Also look at management/univention-management-console/src/univention/management/console/pam.py which implements the PAM logic for UMC: The main problem there is that the PAM "conversion" function is supposed to be used interactively and a PAM module can use it to print and query arbitrary values. Currently is has a hard-coded list is "known prompt texts", which it does recognize. As you see from the logs it is confused by the extra PAM_TEXT_INFO message showing the expire date:

> Prompts: [
>   ('Current Kerberos password: ', 1),
>   ('Your password will expire at Thu Sep 24 02:00:00 2020\n', 4),
>   ('Geben Sie ein neues Passwort ein: ', 1),
>   ('Geben Sie das neue Passwort erneut ein: ', 1)
> ]

include/security/_pam_types.h
> #define PAM_PROMPT_ECHO_OFF     1
> #define PAM_PROMPT_ECHO_ON      2
> #define PAM_ERROR_MSG           3
> #define PAM_TEXT_INFO           4

Do to reproduce the bug make sure you have password expiry set, which should get you that message.

I have been unable to reproduce that so far myself.
Maybe it only happens when SAML is in use, which looks like from comment 1.
Comment 24 Julia Bremer univentionstaff 2021-03-01 11:39:31 CET
TL;DR: The pam-krb5 function, which tries to get a ticket immediately after changing the password, is only used in this specific scenario and creates an Errorcode20 if the replication is slow. We think it is best to deactivate it. 
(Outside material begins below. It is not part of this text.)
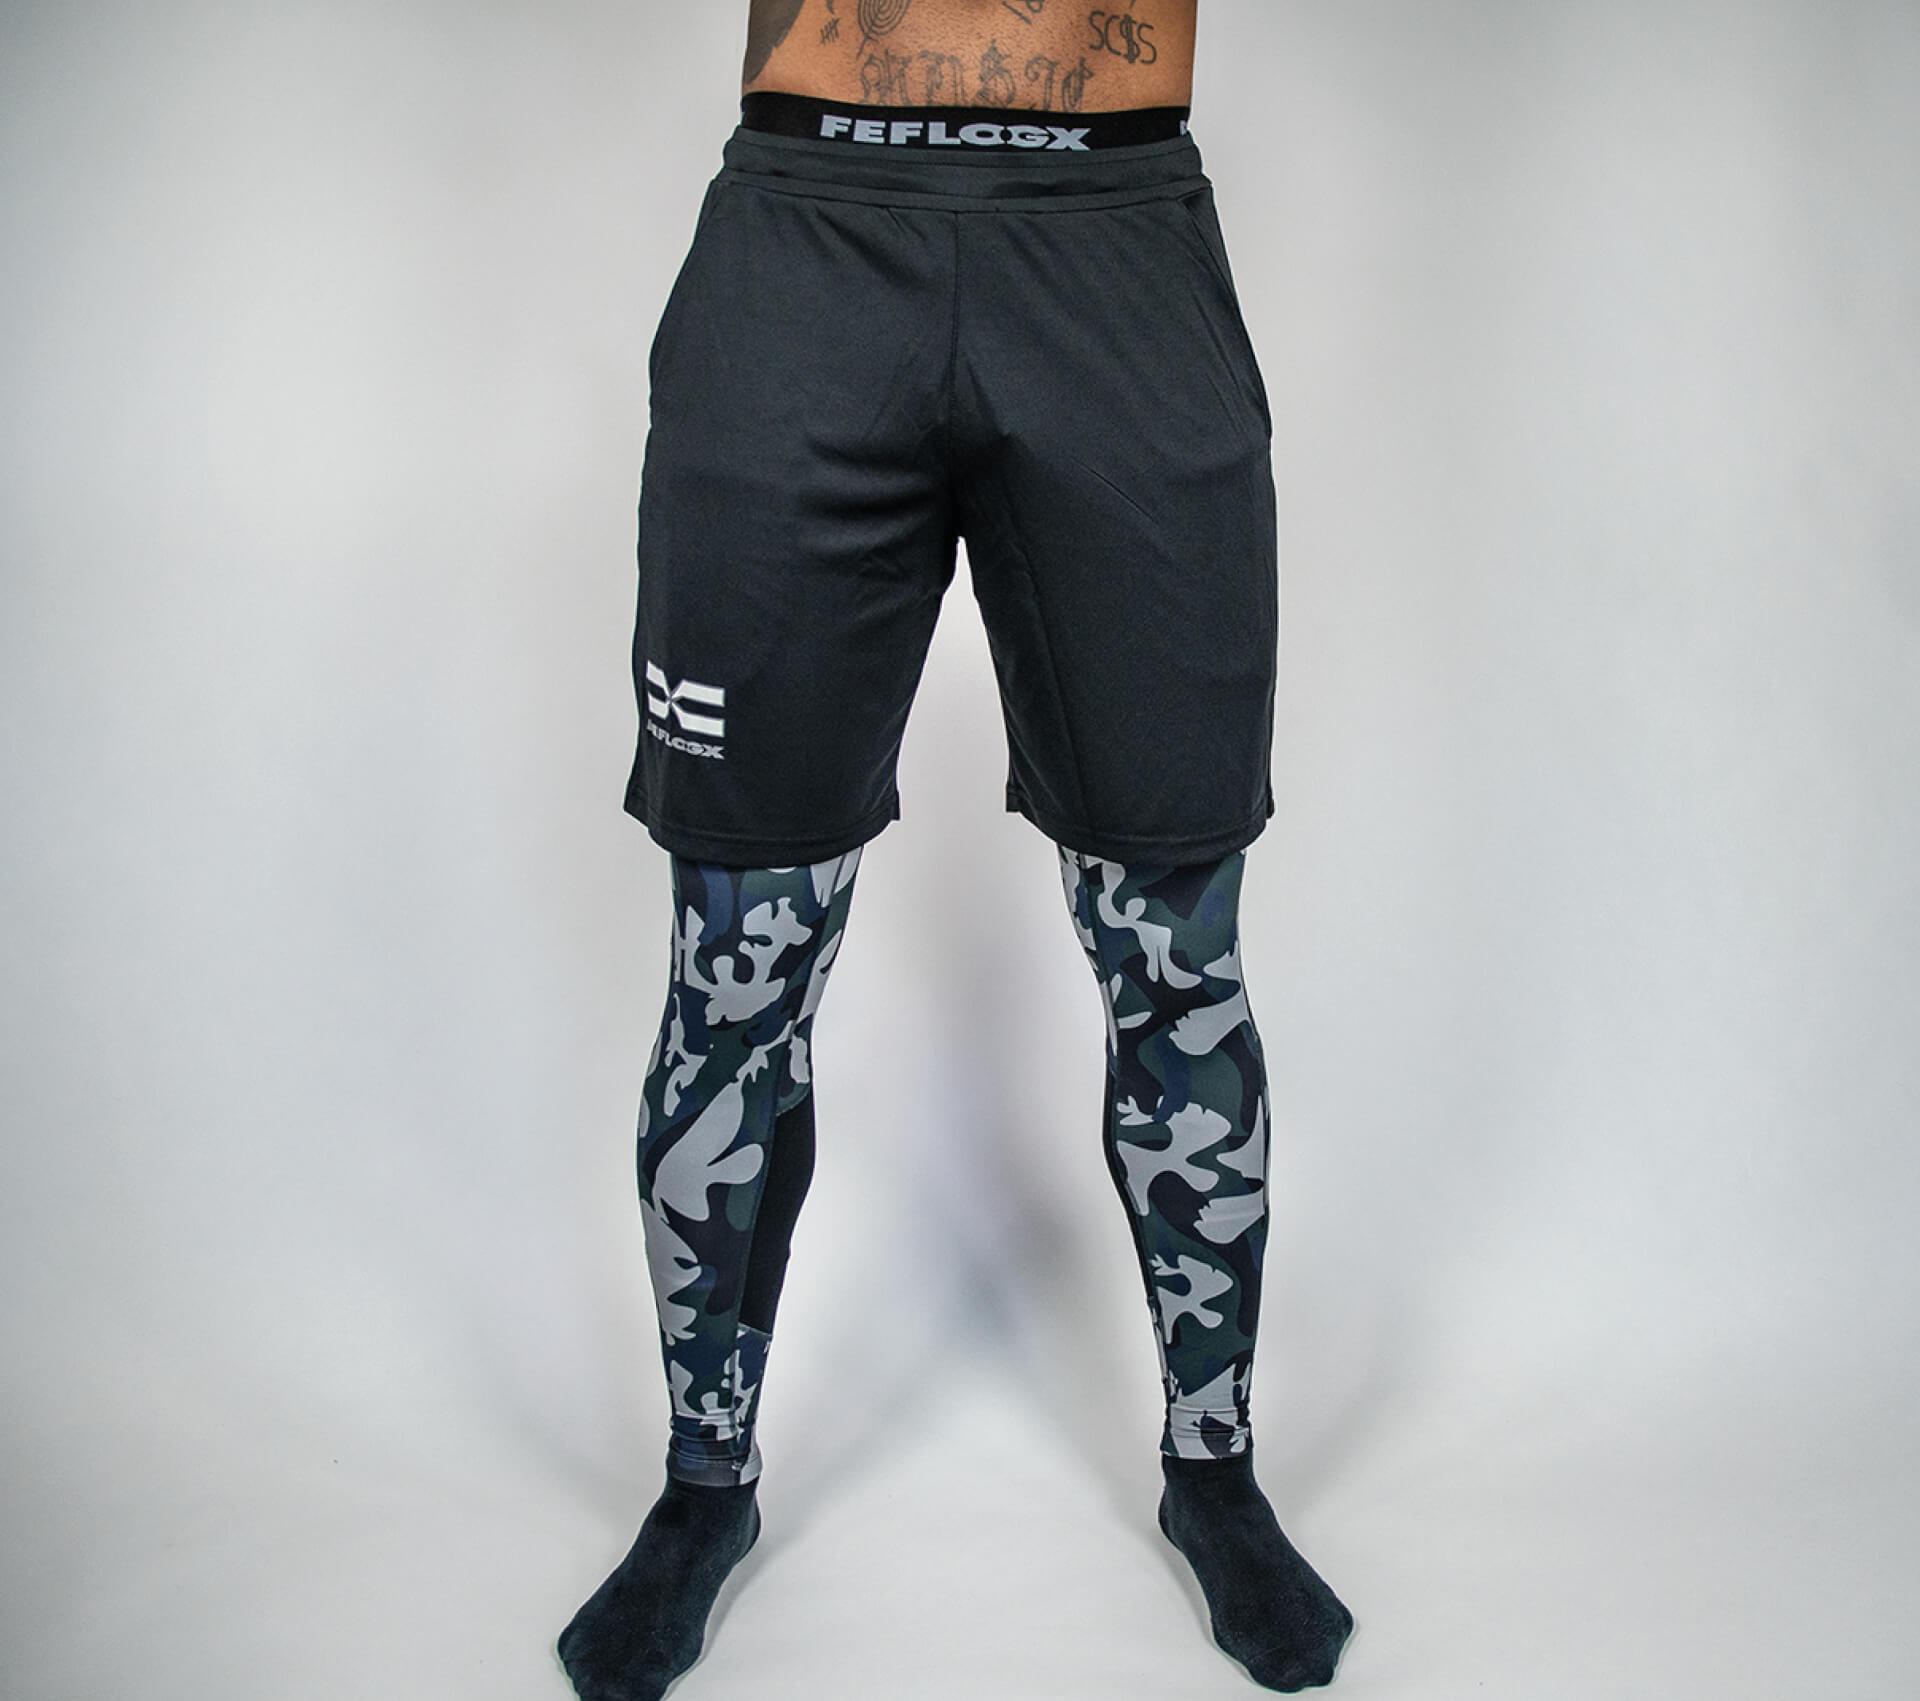 FEFLOGX Sportswear Men Leggings und Allrounder-Shorts-Kombi.

============================================================================

To analyse this problem further, we configured the DC Primary to be the only KDC of the domain. This eliminated the replication time factor to the DC backups from the equation and seemingly eliminated the problem for the customer. 

We can "replicate" this problem by creating a user in AD, expiring its password and stopping the notifier on the Primary. Changing the password on the DC backup then raises Errorcode20, because getting a new Kerberos Ticket after changing the password fails, due to the new password not being replicated to the backup yet. 
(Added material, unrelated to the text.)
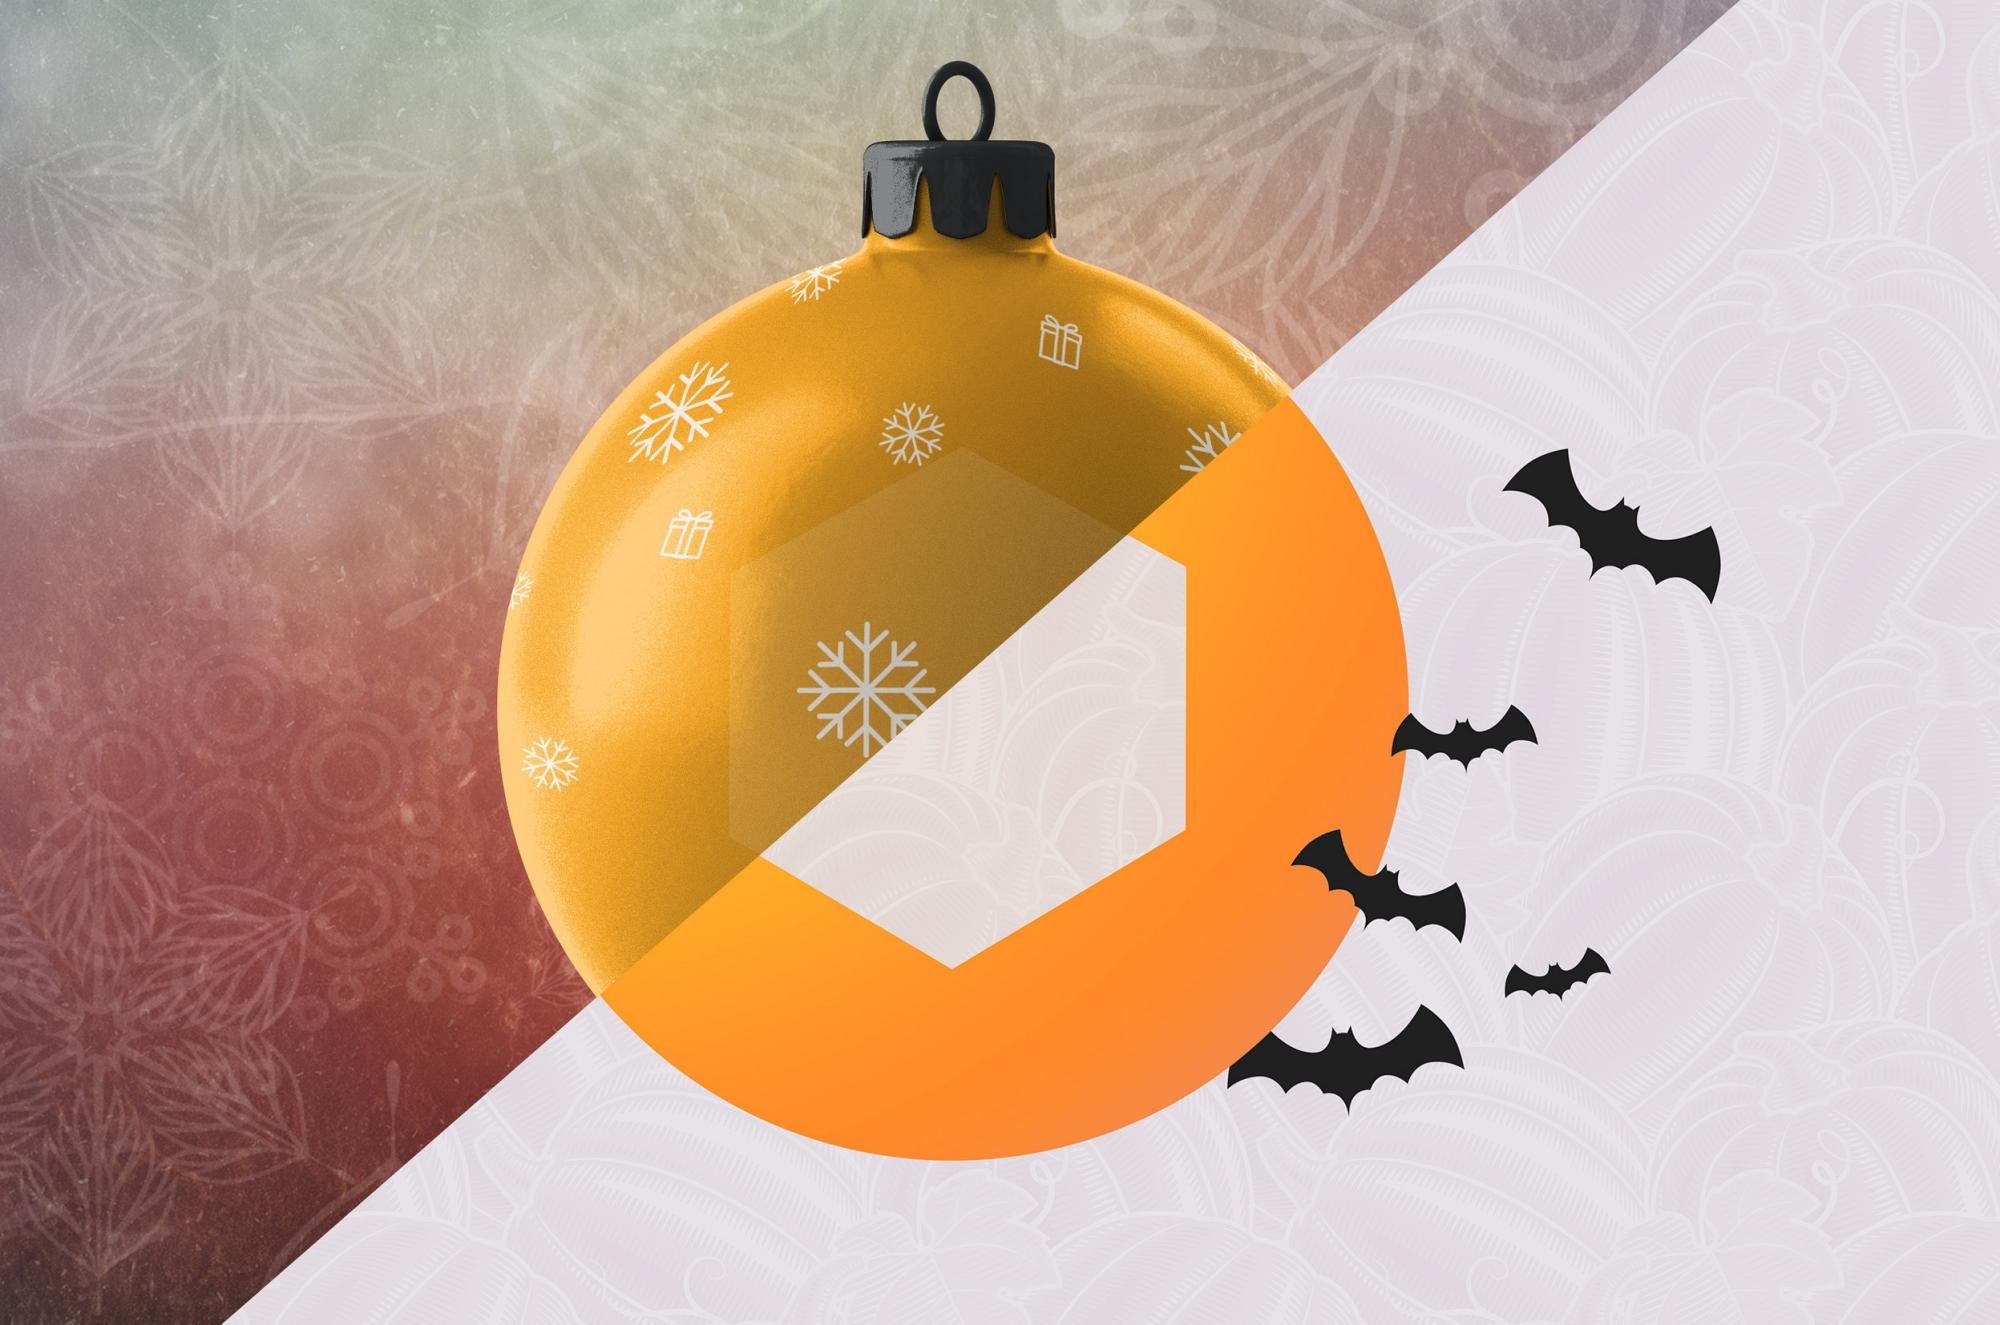 Seasonal website holiday promotion themes

Doing this, we noticed, that no Errorcode20 was raised with users which were created in UCS and not in AD. 
Here we found out, that pam-krb5 does not try to get a new ticket after a password_change if a user has a valid userpassword. Users created in AD do not have one, their userpassword is set to {K5KEY}

pam_krb5 only tries to get a ticket after a password_change if it knows that the password was previously expired. The only way it can get that information is in the initial authentication before changing the password in the function pamk5_authenticate. 
In Users created in UCS, this does not happen, since pam_unix is configured earlier in the pamstack than pam_krb5. Since its password can be validated by "getent shadow", pam_unix is used for this initial authentication, before a password change through pam_krb5 is made. pamk5_authenticate is never executed in that case.
In users created in AD, pam_unix does not work for the initial authentication and pam_krb5 is used as a fallback. Here, the function pamk5_authenticate is executed, the Errorcode PAM_NEW_AUTHTOK_REQD is raised, and pam_krb5 can recognize that the password was actually expired. ( ctx->expired = 1;)
int
pamk5_authenticate(struct pam_args *args) {
    if (pamret == PAM_NEW_AUTHTOK_REQD) {
            ...       
            putil_debug(args, "expired account, deferring failure");
            ctx->expired = 1;
            ...

Later, when pamk5_password is run, which changes the password, pam_krb5 tries to get a new ticket only if ctx->expired.
     */
    if (pamret == PAM_SUCCESS && ctx->expired) {
        krb5_creds *creds = NULL;

        putil_debug(args, "obtaining credentials with new password");
        pamret = pamk5_password_auth(args, NULL, &creds);

which is where an "Errorcode20" is raised if a backup server is used to get the ticket and replication was not fast enough.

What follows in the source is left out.